The decision came in response to the Union’s lawsuit, which claimed that Trump’s administration planned to elongate CFPB by firing 95% of its workers while canceling the lease at the headquarters of her Washington, DC. If they are successful, mass release would leave only a skeleton of the agency in charge of the police in a way that large banks and other financial services companies such as lending and credit bureaucrats are engaged in customers.

CFPB is currently closed after acting director Russell vouight ordered the staff to stop almost all the work this week and stay home from the office. It also started discharge of dozens staff and Cancellation of the contract with suppliers and experts.

Administration officials are open to the aim of removing the agency: after the members of his Doge team arrived at his headquarters last week, billionaire Elon Musk published “RIP CFPB” while President Donald Trump told reporters Tuesday “very important to get rid of it.”

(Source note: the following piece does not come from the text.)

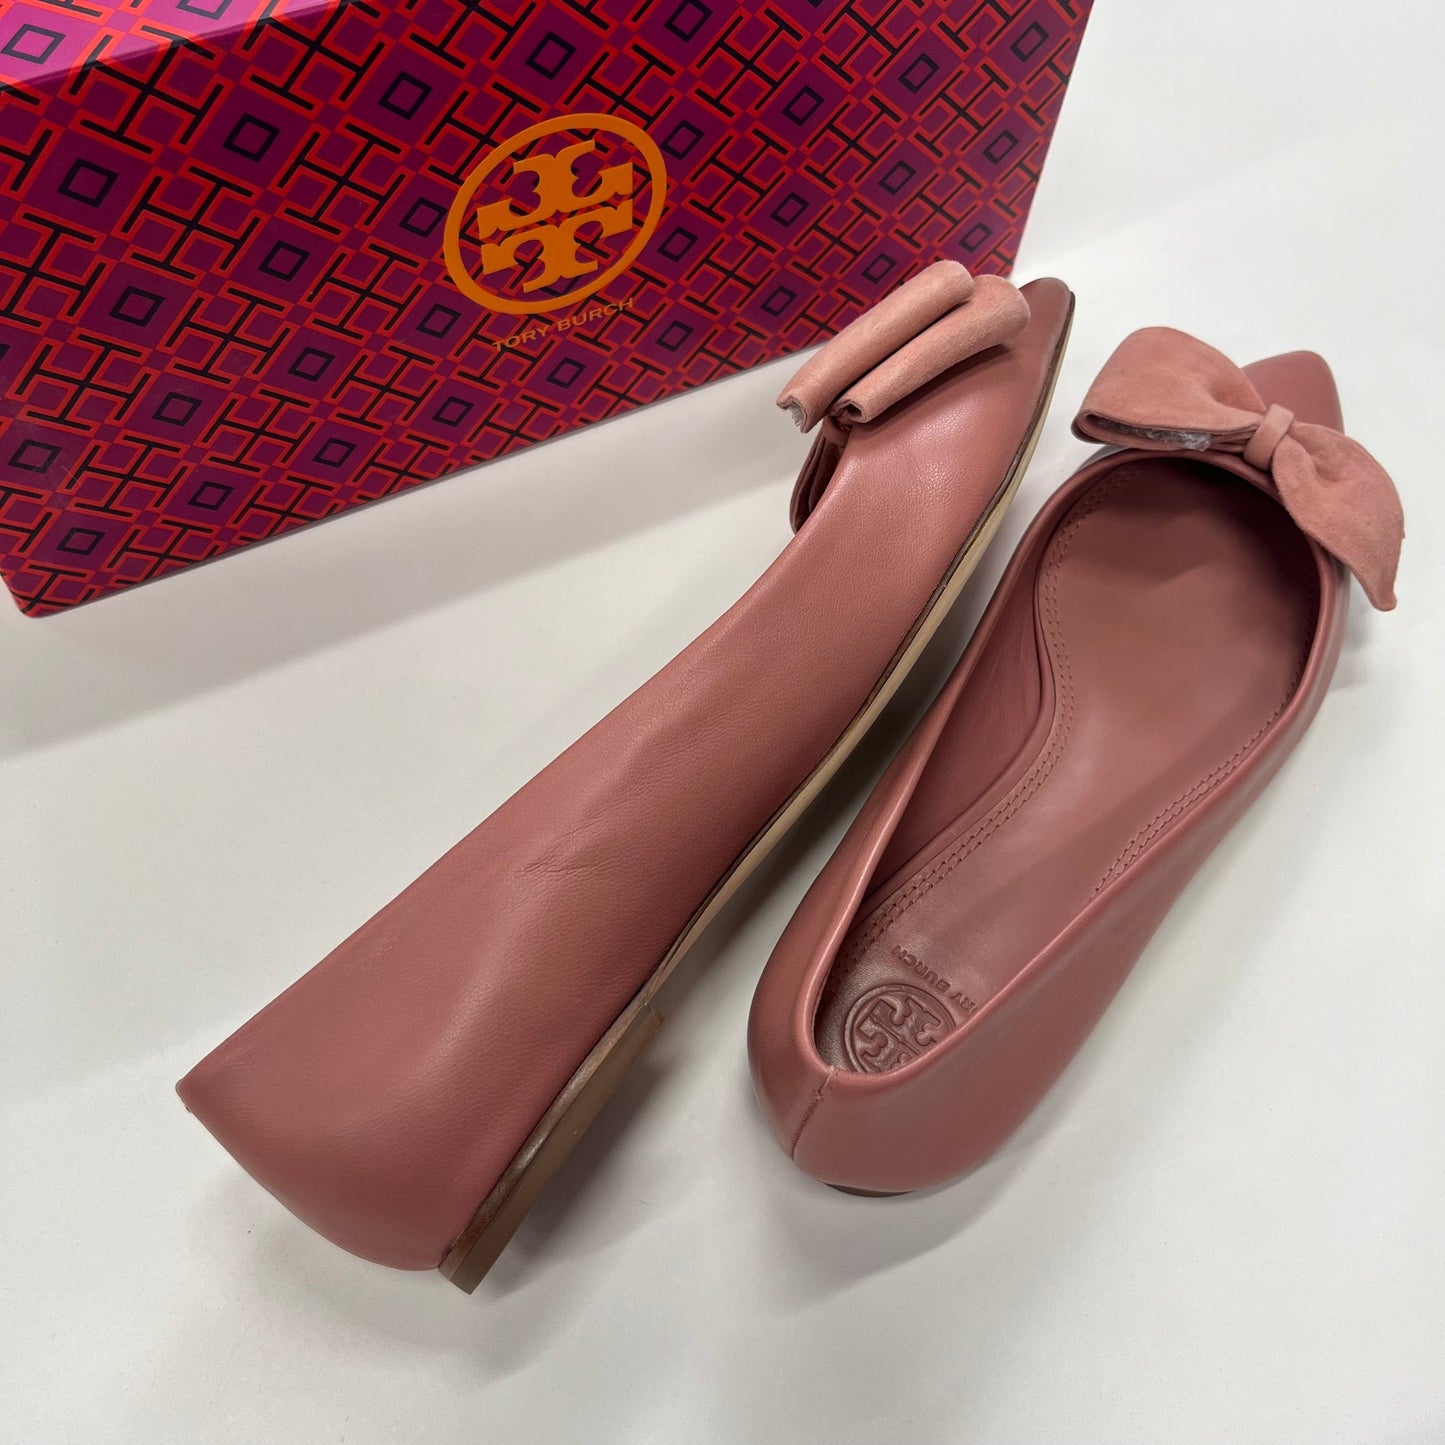 Pink Shoes Flats Ballet Tory Burch, Size 9

“It was also waste,” he said. “She was a bad group of people who led him … … It was a vicious group of people. They destroyed a lot of people.”

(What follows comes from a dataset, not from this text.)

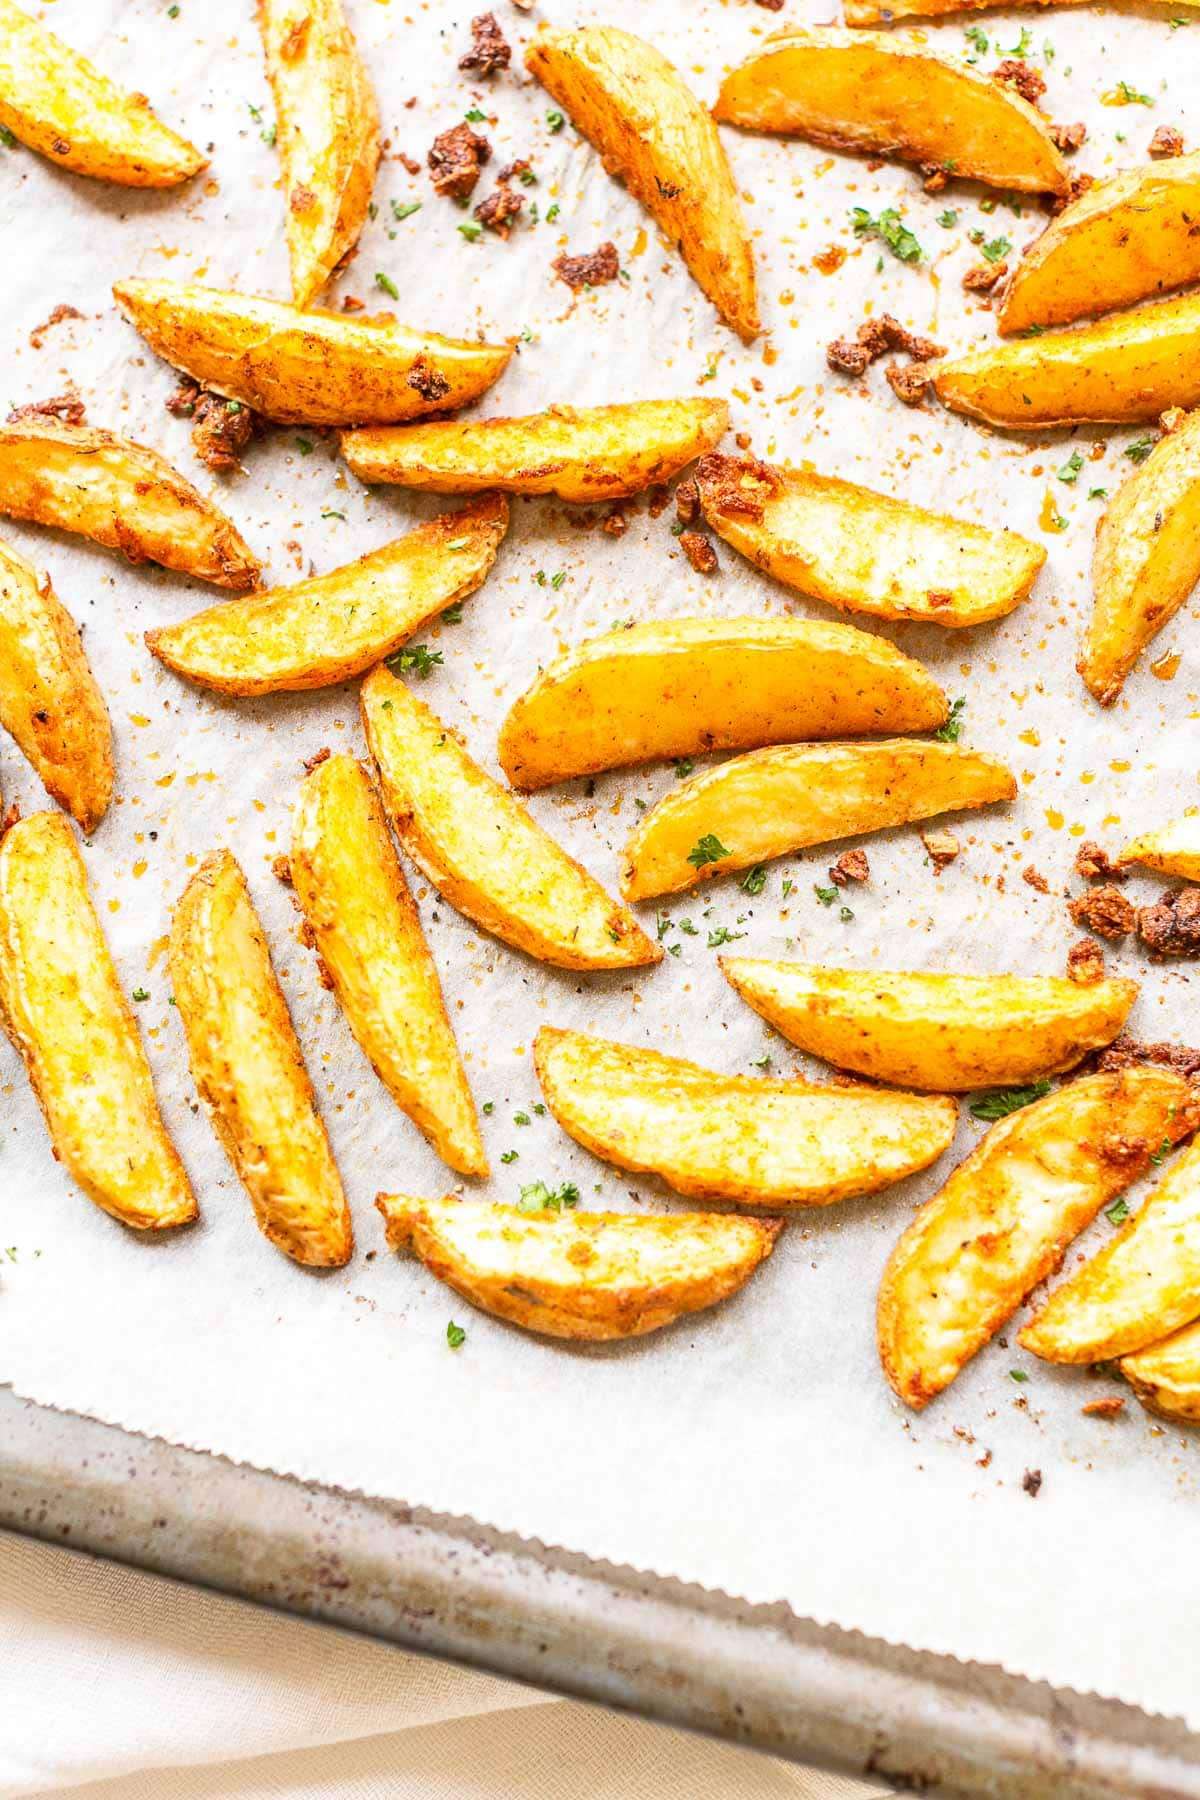 How To Make Oven Baked Potato Wedges

The temporary order of Higher Judge Amy Berman Jackson from the U.S. District Court for Columbia District Court will not raise the work of Voughtt. But prosecutors, which include the federal employee union as well as non -profit organizations working with CFPB, have nevertheless celebrated development.

“Giving up this critical agency would increase the fraud mass, the whip for which Musk allegedly wants to reduce, along with the charging frauds, excess fees and charges and various Ripoffs,” said Lisa Gilbert, co -president of the Progressive Group Public Citizen, whose lawyers represented some from the plaintiff. “Today, the judge stopped the illegal move of the administration to stop the critical work of CFPB.”

The lawsuit, originally filed on Thursday, claimed that the mass release would leave the bureau incompetent to perform its basic functions required by law. In the accompanying submission of the application, the former main agency technologist also warned that deleting his internal data risked permanently to harm his ability to regulate financial institutions and help consumers.

“Trump and Voughta actions to disable CFPB have already applied mass confusion and imposed significant and irreparable damage to consumers across the country,” the lawsuit said. “Immediate assistance, the accused will continue to increase the lives of countless civil servants.”